N E X T J O U R N E Y . O R G


Prologue:
Harrisburg-Atlanta
Atlanta-Lima
Lima-Cuzco
Having read so much about altitude sickness, I chose to spend my first day and night in Pisac, a small town which is situated a few hundred feet lower than Cuzco. The famous Andean coca tea helps with the mild symptoms (headache, pounding heart and shortness of breath). The coca tea is a strong stimulant, and tastes a bit like spinach water.
(Hotel Royal Inka Pisac)
It was a gorgeous day, yet I noticed that all Andean ladies wore warm sweaters.
Many inhabitants of Pisac still wear traditional clothes. And it is not for the tourists' benefit. I quickly gathered that the people of the Andes have a very strong sense of their roots and their history.
Pisac is renowned for its huge Inca craft market.
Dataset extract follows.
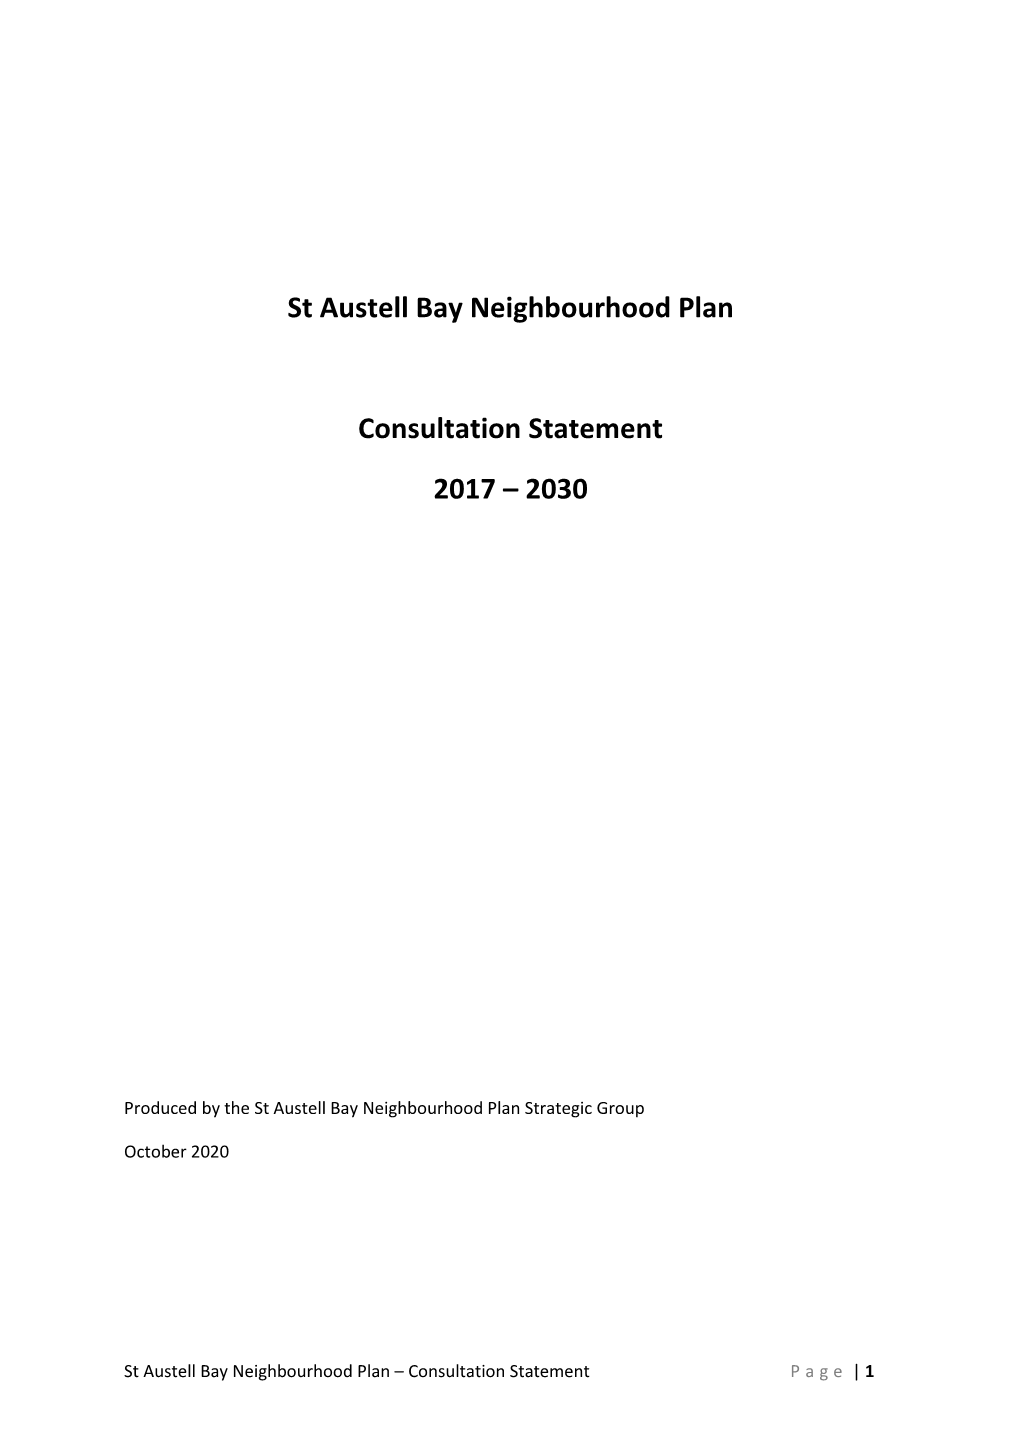 St Austell Bay NDP Consultation Statement

It is a maze of narrow passages between booths full of beautiful handmade items. 
The Pan pipes are everywhere in the Andes. You can hear them on an isolated mountain trail, played by a lone lama herder, or in syrupy arrangements in public buildings and aboard the train. Salsa music is also most popular: many merchants were peddling CDs of the late Celia Cruz.
There are about 3 Peruvian Soles in one US Dollar. Guidebooks advise you to bargain, and once, a tourist in a market almost ordered me to "offer her less." But I never bargained. The prices were very low, and if I was taken advantage of once or twice, so be it.
I had been  there but a few hours, and already I was captivated by the colors of Perú. Also, the thin air of the Andes is very clean, and I felt like I was wearing a new pair of glasses with a stronger prescription.